Instructions for the task: Reproduce exactly the lines beginning with the line that contains "N/A Exhaust Tail" and ending at the final line of the material below.

Dataset extract:
[Start of section]

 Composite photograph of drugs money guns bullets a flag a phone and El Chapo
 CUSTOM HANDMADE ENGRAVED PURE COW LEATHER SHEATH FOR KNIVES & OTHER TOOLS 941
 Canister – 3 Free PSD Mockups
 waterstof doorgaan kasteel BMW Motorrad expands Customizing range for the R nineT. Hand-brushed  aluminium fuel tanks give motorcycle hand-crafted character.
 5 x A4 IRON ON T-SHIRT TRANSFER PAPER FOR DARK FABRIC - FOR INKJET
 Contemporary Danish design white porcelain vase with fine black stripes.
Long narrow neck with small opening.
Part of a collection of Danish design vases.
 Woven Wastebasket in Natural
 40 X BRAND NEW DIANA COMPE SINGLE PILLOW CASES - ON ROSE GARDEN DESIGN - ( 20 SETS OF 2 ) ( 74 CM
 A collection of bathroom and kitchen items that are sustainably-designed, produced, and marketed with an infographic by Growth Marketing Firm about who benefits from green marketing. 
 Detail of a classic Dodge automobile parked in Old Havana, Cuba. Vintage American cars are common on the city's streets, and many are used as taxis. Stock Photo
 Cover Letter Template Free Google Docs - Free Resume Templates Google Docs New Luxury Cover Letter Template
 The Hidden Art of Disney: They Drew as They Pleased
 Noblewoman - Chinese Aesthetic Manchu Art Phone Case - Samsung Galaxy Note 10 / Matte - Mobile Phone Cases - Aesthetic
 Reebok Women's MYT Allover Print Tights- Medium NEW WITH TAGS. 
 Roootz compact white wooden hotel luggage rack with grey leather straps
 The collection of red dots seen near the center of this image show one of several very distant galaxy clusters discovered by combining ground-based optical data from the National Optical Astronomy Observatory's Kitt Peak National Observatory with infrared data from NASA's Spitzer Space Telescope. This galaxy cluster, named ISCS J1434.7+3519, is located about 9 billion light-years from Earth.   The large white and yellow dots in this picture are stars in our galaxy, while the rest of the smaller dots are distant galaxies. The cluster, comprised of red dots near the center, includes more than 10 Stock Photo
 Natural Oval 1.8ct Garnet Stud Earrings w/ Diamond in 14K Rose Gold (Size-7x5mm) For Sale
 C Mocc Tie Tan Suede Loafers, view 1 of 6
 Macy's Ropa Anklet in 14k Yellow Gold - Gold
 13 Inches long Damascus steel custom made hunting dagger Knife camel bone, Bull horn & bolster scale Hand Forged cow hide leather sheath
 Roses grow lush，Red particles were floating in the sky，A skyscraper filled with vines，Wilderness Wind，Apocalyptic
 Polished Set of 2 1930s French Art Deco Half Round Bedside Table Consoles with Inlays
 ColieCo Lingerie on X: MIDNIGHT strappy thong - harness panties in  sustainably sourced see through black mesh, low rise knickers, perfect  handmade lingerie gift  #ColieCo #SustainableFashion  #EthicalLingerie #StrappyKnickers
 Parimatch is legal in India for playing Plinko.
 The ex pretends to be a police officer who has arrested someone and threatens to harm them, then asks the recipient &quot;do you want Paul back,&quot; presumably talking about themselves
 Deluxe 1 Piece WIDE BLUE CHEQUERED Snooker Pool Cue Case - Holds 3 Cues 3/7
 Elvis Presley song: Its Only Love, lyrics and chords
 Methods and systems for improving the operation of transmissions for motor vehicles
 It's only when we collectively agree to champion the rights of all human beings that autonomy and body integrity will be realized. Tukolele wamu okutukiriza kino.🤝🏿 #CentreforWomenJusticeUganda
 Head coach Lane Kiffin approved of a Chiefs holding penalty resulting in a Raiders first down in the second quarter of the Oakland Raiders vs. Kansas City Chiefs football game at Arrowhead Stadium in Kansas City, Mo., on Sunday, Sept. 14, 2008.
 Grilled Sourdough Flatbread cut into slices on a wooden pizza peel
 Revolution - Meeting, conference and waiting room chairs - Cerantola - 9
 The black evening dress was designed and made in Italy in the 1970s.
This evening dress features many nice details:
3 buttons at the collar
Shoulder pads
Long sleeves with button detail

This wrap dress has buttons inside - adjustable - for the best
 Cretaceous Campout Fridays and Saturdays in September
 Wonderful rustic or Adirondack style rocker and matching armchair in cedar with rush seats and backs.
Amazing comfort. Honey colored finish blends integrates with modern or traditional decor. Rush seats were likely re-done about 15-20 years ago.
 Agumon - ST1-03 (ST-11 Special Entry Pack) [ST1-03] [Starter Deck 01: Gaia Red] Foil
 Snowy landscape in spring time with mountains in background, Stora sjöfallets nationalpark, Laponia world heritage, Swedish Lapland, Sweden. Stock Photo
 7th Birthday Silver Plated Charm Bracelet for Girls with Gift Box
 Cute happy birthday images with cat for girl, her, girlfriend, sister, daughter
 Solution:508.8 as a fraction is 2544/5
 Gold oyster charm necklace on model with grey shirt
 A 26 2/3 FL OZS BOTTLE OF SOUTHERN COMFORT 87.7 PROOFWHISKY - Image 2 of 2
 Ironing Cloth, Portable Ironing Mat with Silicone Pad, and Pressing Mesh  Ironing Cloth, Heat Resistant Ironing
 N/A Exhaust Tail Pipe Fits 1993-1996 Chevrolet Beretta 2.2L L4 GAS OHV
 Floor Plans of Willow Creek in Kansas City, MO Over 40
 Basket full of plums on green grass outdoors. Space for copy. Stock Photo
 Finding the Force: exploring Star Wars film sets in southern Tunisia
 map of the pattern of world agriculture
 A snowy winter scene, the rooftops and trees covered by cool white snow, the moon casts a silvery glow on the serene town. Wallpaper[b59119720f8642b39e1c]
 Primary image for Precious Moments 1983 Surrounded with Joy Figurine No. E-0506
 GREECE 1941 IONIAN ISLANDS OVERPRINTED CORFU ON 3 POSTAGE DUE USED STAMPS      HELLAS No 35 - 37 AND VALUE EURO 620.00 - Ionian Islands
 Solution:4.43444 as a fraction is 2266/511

[End of section]

Answer below:
 N/A Exhaust Tail Pipe Fits 1993-1996 Chevrolet Beretta 2.2L L4 GAS OHV
 Floor Plans of Willow Creek in Kansas City, MO Over 40
 Basket full of plums on green grass outdoors. Space for copy. Stock Photo
 Finding the Force: exploring Star Wars film sets in southern Tunisia
 map of the pattern of world agriculture
 A snowy winter scene, the rooftops and trees covered by cool white snow, the moon casts a silvery glow on the serene town. Wallpaper[b59119720f8642b39e1c]
 Primary image for Precious Moments 1983 Surrounded with Joy Figurine No. E-0506
 GREECE 1941 IONIAN ISLANDS OVERPRINTED CORFU ON 3 POSTAGE DUE USED STAMPS      HELLAS No 35 - 37 AND VALUE EURO 620.00 - Ionian Islands
 Solution:4.43444 as a fraction is 2266/511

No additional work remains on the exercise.